Whatever happened to the food crisis? .. Jul 2nd 2009

It crept back


There are two clusters of explanation: cyclical factors—features of the farm cycle and world economy that fluctuate from season to season—and secular, long-term factors. Cyclical influences include re-stocking: cereal stocks were run down as prices spiked and need to be replenished. In 2006 and 2007, stocks fell below 450m tonnes, about 20% of consumption; now they are back up over 520m, or 23%. That is one source of new demand. Another comes from ethanol. As oil prices rise, ethanol starts to be competitive again (as a rule of thumb, ethanol is profitable when petrol costs $3 a gallon in America, a level it has just reached in California). The fall in the dollar and in freight rates has also kept the local-currency costs of importing a tonne of cereals lower than dollar-denominated world prices. This has encouraged many countries to buy more.

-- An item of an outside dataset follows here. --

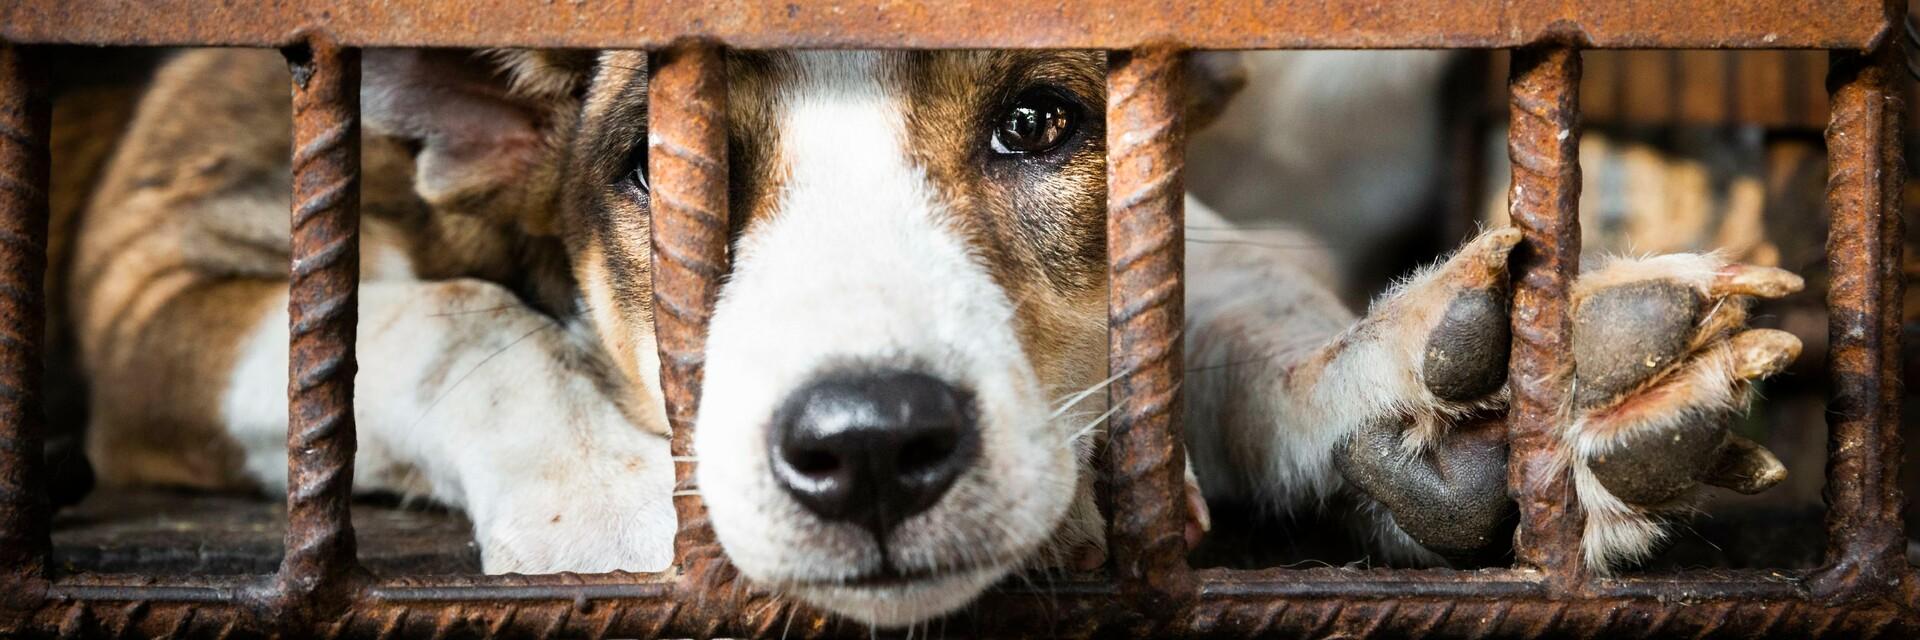 Dog looking through cage in the dog meat trade

Lastly, it is possible that the widespread hunger brought about by soaring prices—the FAO says a billion people will go hungry this year—may have reached a peak and the poor may be back in the market for grain again. This may sound unlikely, as traditionally poor consumers have had little influence over world food prices, but economic growth has continued in the largest emerging markets (notably China and India) and governments in much of the developing world have been expanding aid programmes for the poor, such as conditional cash-transfer schemes. That may be boosting demand; it would explain why prices of grain, which everyone eats, have been rising this year while prices of meat—the food of the rich and aspiring middle classes—have continued to fall.


Snakes in the grass

But the world food crisis of 2007-08 showed that food prices are not influenced solely, or even mainly, by cyclical factors. They soared in large part because of slow, irreversible trends: population growth; urbanisation; shifting appetites from grain to meat in developing countries. There is no sign that these trends are abating.


At the moment, the world’s population is 6.7 billion and 750m people are born each year. Though the rate of increase is declining, inertia means the total will go on rising until 2050, when the population will reach 9 billion. In Ethiopia, for example, 18m children are born every year, rising to 24m a year by 2040. That will double its headcount from 80m to 160m.